- Location: Bristol Township, Pennsylvania, U.S.
- Date: December 15, 1987; 38 years ago
- Attack type: Homicide by stabbing, anti-gay hate crime
- Deaths: 1
- Victim: Anthony Milano
- Perpetrators: Richard Laird; Frank Chester;
- Sentence: Laird: Death; Chester: Death (later resentenced to life imprisonment without parole);

= Murder of Anthony Milano =

1987 anti-gay murder in Pennsylvania

The murder of Anthony Milano occurred on December 15, 1987, when Richard Laird and Frank Chester killed Milano, a 26-year-old gay man, in Bristol Township, Pennsylvania. According to prosecutors, Laird and Chester decided to murder Milano shortly after meeting him on the night of December 14 because they believed he was gay. Both men were convicted and sentenced to death in May 1988. This reportedly marked the first time in the United States that perpetrators of an anti-gay hate crime received the death penalty. Laird remains on death row, while Chester has since been resentenced to life without parole.

==Murder==
On the evening of December 14, 1987, Anthony "Tony" Milano, a 26-year-old gay commercial artist from Levittown, entered the Edgely Inn, a bar on Route 13 in Bristol Township, to get a sandwich. Earlier that evening, he had attended Bible study in Fallsington, where he discussed the Beatitudes. At the bar, Milano encountered 24-year-old Richard Laird and 20-year-old Frank Chester. He joined them, and they began chatting. A short time later, Laird started calling Milano names and pressured him into buying shots of vodka and whiskey. Laird was also overheard telling Chester how much he hated homosexuals. In the early hours of December 15, Milano reportedly agreed to drive the men home. According to Milano's father, his son may have thought he could show goodwill by offering them a ride.

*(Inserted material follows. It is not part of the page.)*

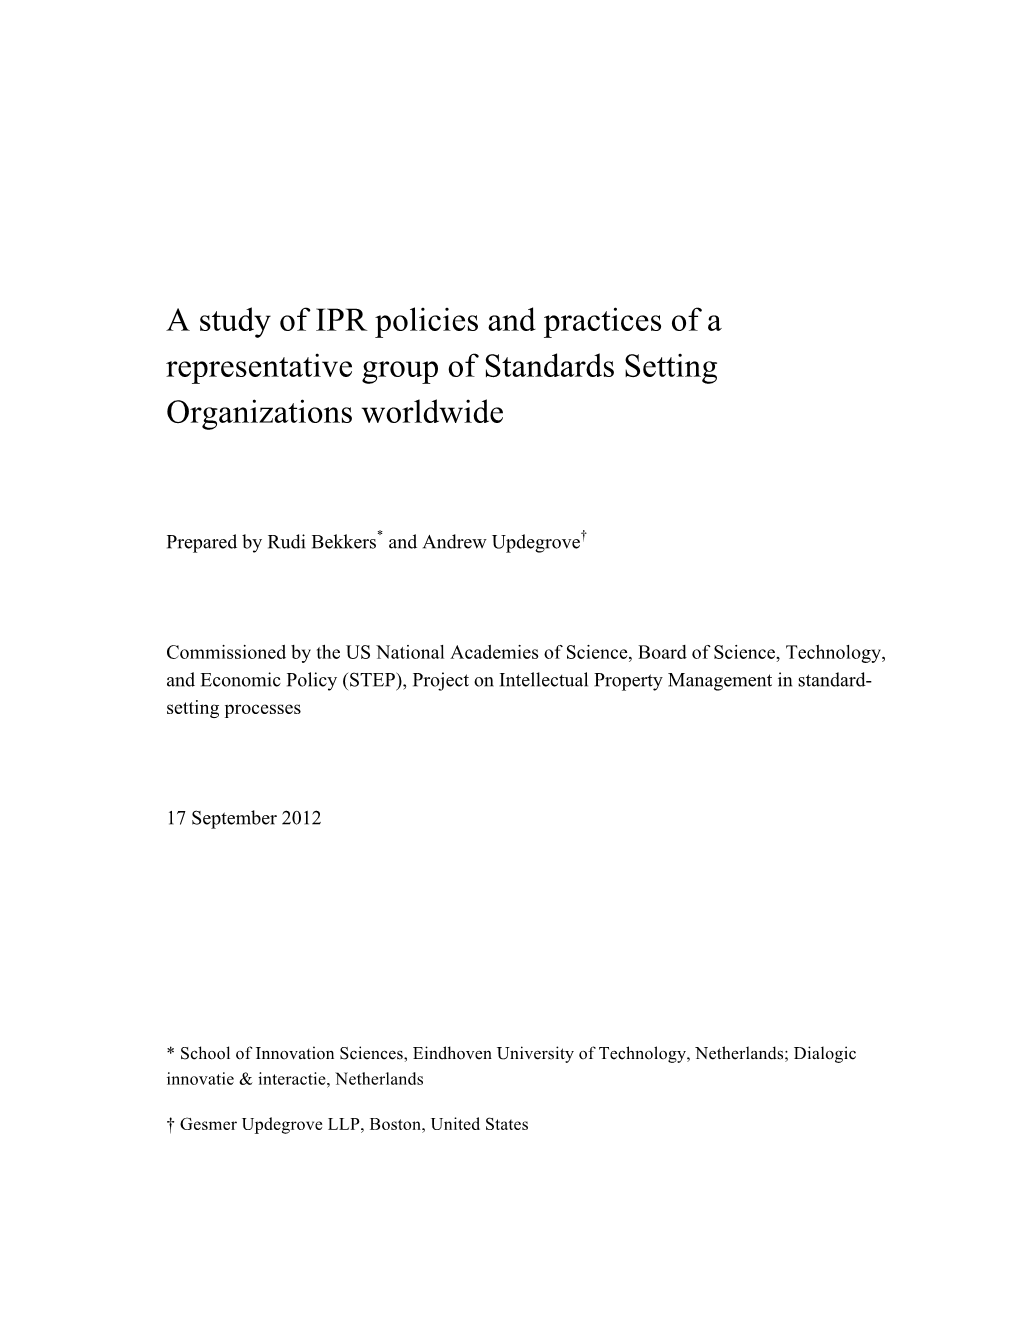 A Study of IPR Policies and Practices of a Representative Group of Standards Setting Organizations Worldwide

Once in the car, a 1977 Chevrolet Nova, the men forced Milano to drive them around for 45 minutes, during which Laird repeatedly struck him. Eventually, Milano stopped the car in a wooded lot on the 1300 block of Ashby Avenue. According to trial testimony, Chester attacked Milano first, knocking him to the ground. Laird then pounced on him and repeatedly slashed his throat with a utility knife so deeply that he was nearly decapitated. Milano's spinal cord was severed, and a large gash extended from his chin to his chest. His throat had been cut so many times that the coroner was unable to count the wounds. Laird later claimed that Chester fought with Milano and delivered the fatal injuries. Milano died at the scene.

==Aftermath==

Richard Laird

Frank Chester

That afternoon, Milano's mother reported him missing after he failed to return home. At around 11:00 p.m., police responded to reports of a car fire and discovered Milano's body, which had been badly beaten and stabbed. His car, set ablaze by Chester and Laird, was found about 85 feet away.

In the days that followed, Chester and Laird panicked about the crime, discussing how they might hide Milano's body. They also confided in an acquaintance, Richard Griscavage, a friend of Chester's who later became a key prosecution witness. According to Griscavage's testimony, Chester told him that he and Laird had gotten into a fight with someone at a bar and ended up killing him. Laird allegedly instructed Chester to keep quiet about the incident and frequently argued with him about it. During one discussion about where to bury Milano's body, Griscavage suggested a mountain in the Poconos.

On December 22, 1987, police arrested Laird in connection with Milano's murder. Chester had been interviewed by police on December 20 but then went on the run. He evaded authorities for several days before being captured on December 30, after police received a telephone tip. Both Laird and Chester were charged with first-degree murder, kidnapping, aggravated assault, unlawful restraint, false imprisonment, possession of an instrument of crime, and conspiracy.

==Trial and sentencing==
Both men were tried together for Milano's murder, with each blaming the other for the killing. The prosecution argued that it did not matter which of the two had delivered the fatal slash, as both had conspired to kill him. A doctor testified that Milano remained alive for at least five minutes during the throat-slashing: "There was pain, suffering, agony. The slashings were so deep that they cut the cervical bone, the spine. He lived for five, seven, 10 minutes." The doctor also used a life-size drawing of Milano to illustrate the injuries documented in the autopsy.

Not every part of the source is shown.